Декабрь без Рождества - Елена Чудинова Страница 61
Декабрь без Рождества - Елена Чудинова читать онлайн бесплатно
Вот, оказывается, какие окуляры у горя! Мелочь, все худое — мелочь! Что бы ты сказал сейчас, брат, верно ли я поступаю? Я не ждал этого. А ты… ты хотел уж было объявить свою волю после возвращения. Не успел.
Николай Павлович, словно во сне, словно откуда-то издали видел священника с листом в руках, отблеск свечей на тяжелых киотах, растерянные, бледные лица. Присяга продолжалась. Верно ли он поступил, верно ли?
Николай Павлович случайно столкнулся взглядом со своим адъютантом — молодым измайловским полковником Николаем Годеиным.
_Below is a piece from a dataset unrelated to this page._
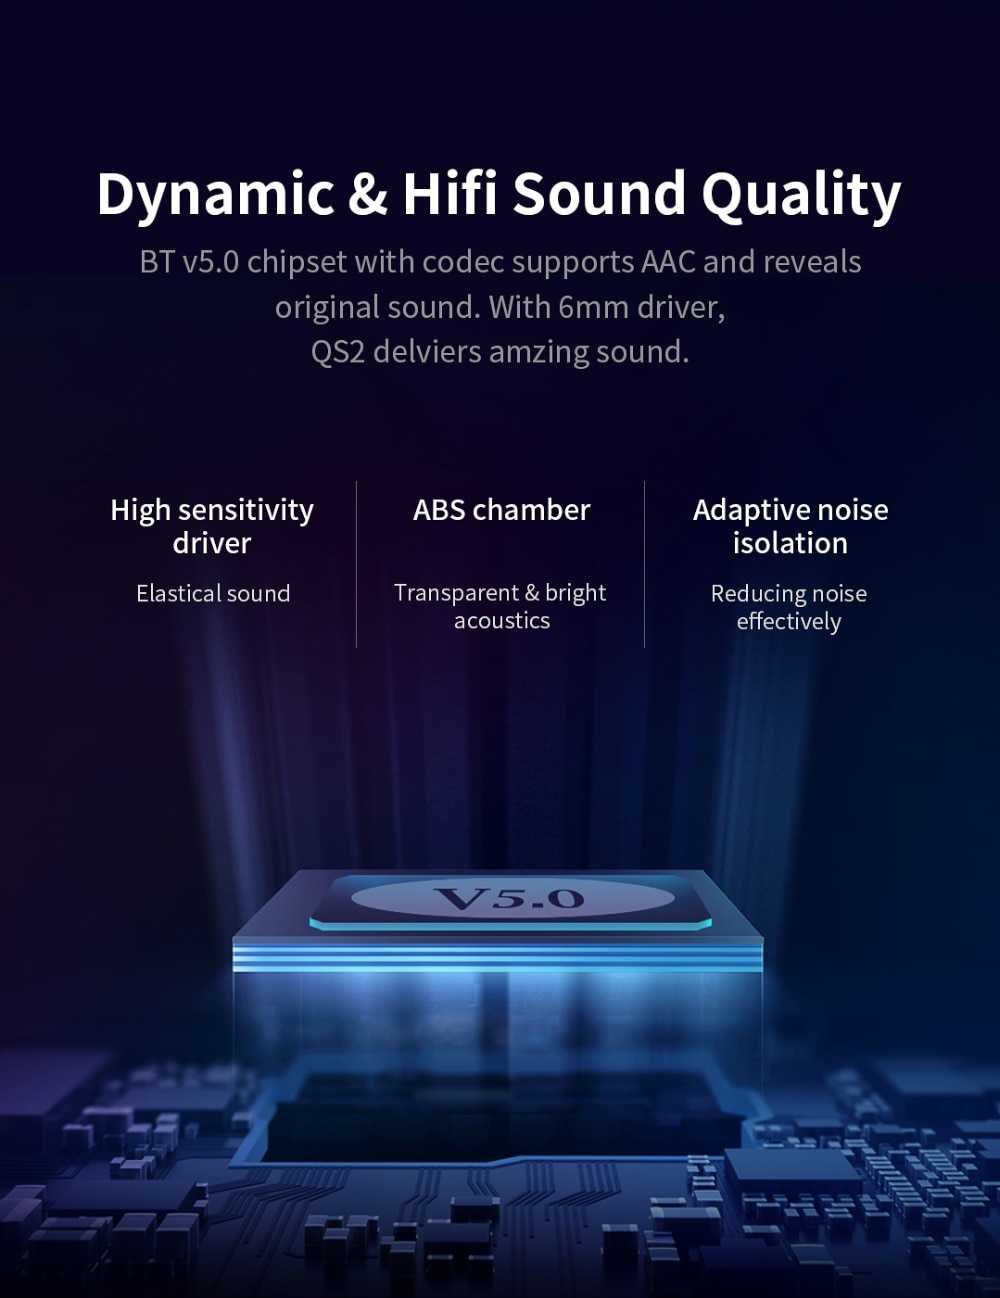 QCY T1 New TWS Bluetooth v5.0 Earphones Wholesale

Выражение откровенной горькой обиды, обиды будто не за него, а лично своей, читалось в глазах его как по книге. Что б там ни говорил Милорадович, а отнюдь не все хотят Константина. Дорогого стоит этот скрытый пыл личной преданности тому, кто отказывается от власти. Спасибо, Годеин. Мне легче теперь от того, что ты так страдаешь за меня.
Николай Павлович незаметно улыбнулся своему адъютанту.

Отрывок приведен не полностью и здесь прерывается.